== Data section ==
--- --- ---

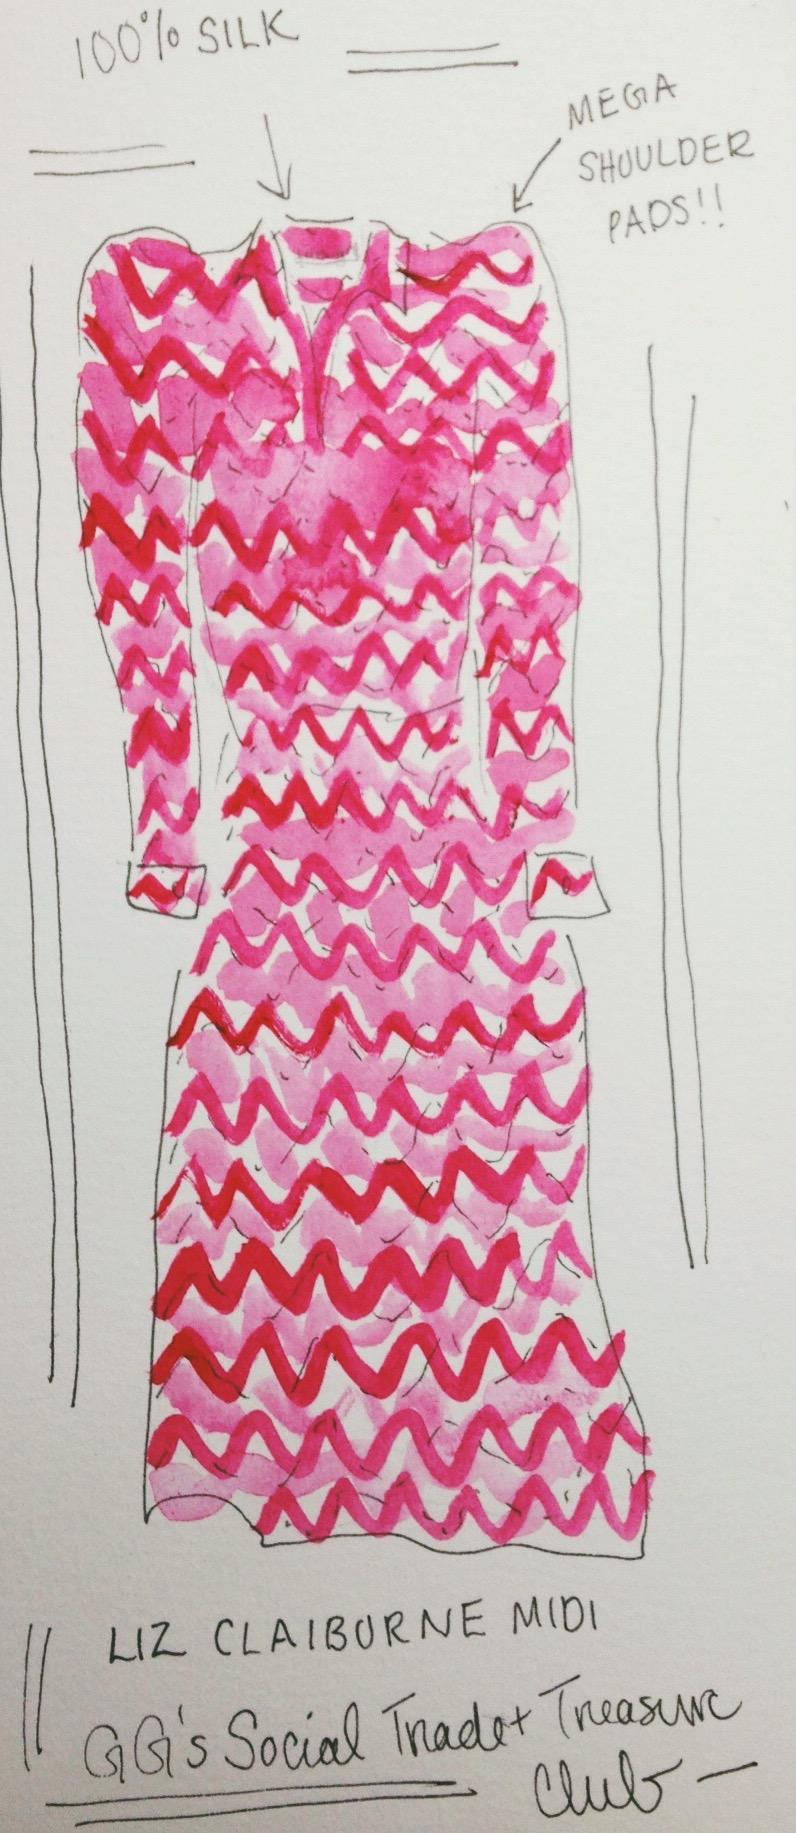 Liz Claiborne silk midi dress
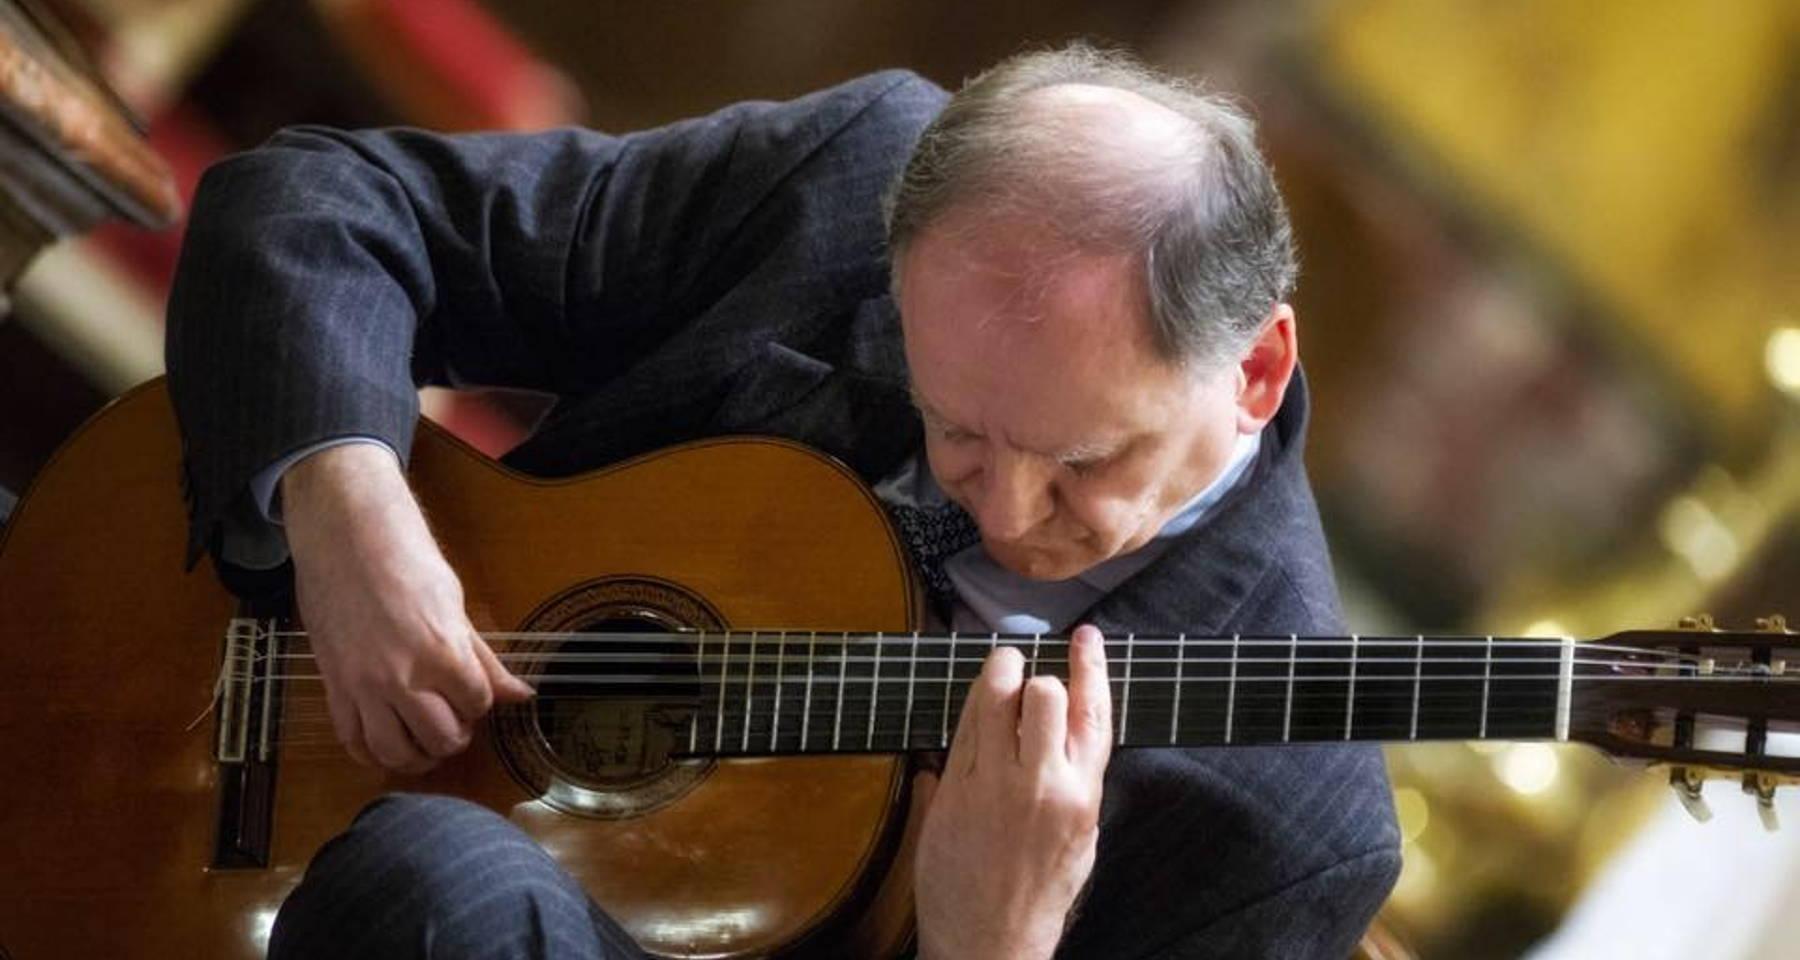 Guitarist Prof.Piero Bongauri, performs  Bach, Haendel, Sor, Tàrrega, and others
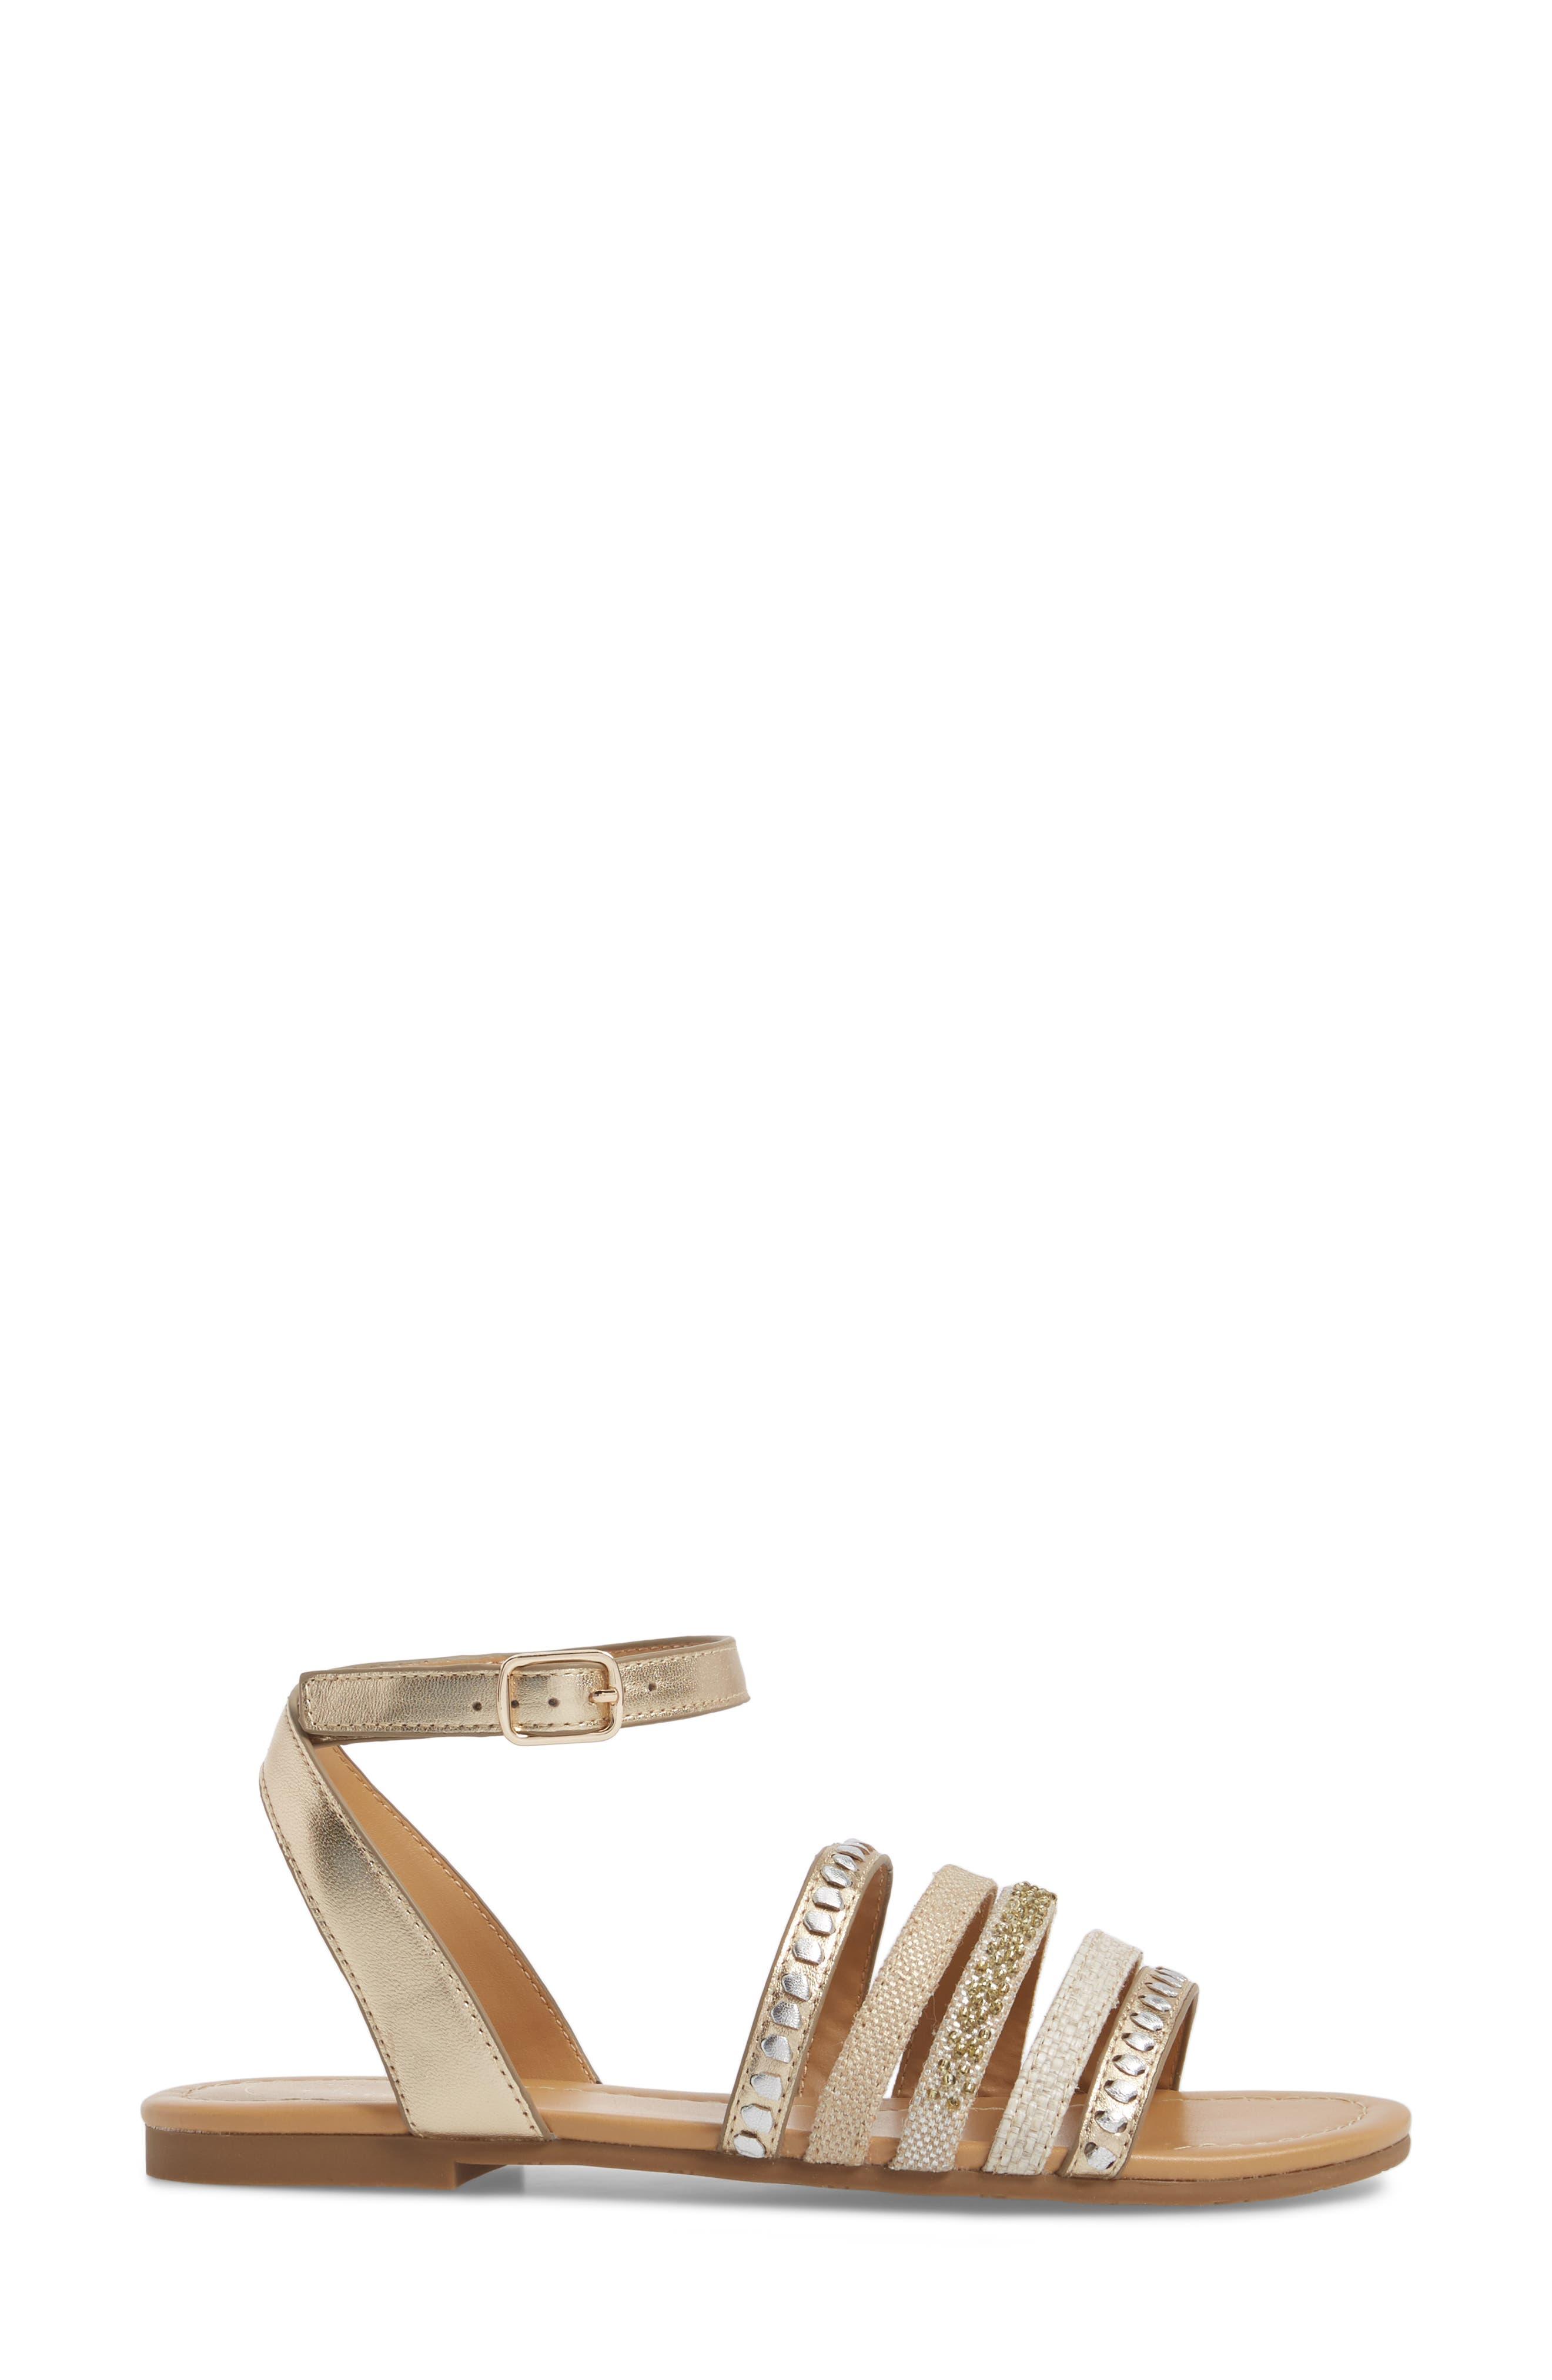 Hannah Braided Embellished Sandal,                             Alternate thumbnail 3, color,                             Platinum/ Silver Leather

--- --- ---

For this copy, leave pictures out and reproduce the lines from the one bearing "Guitarist Prof.Piero Bongauri, performs" through the final line of the listing above, both ends included.

 Guitarist Prof.Piero Bongauri, performs  Bach, Haendel, Sor, Tàrrega, and others
 Hannah Braided Embellished Sandal,                             Alternate thumbnail 3, color,                             Platinum/ Silver Leather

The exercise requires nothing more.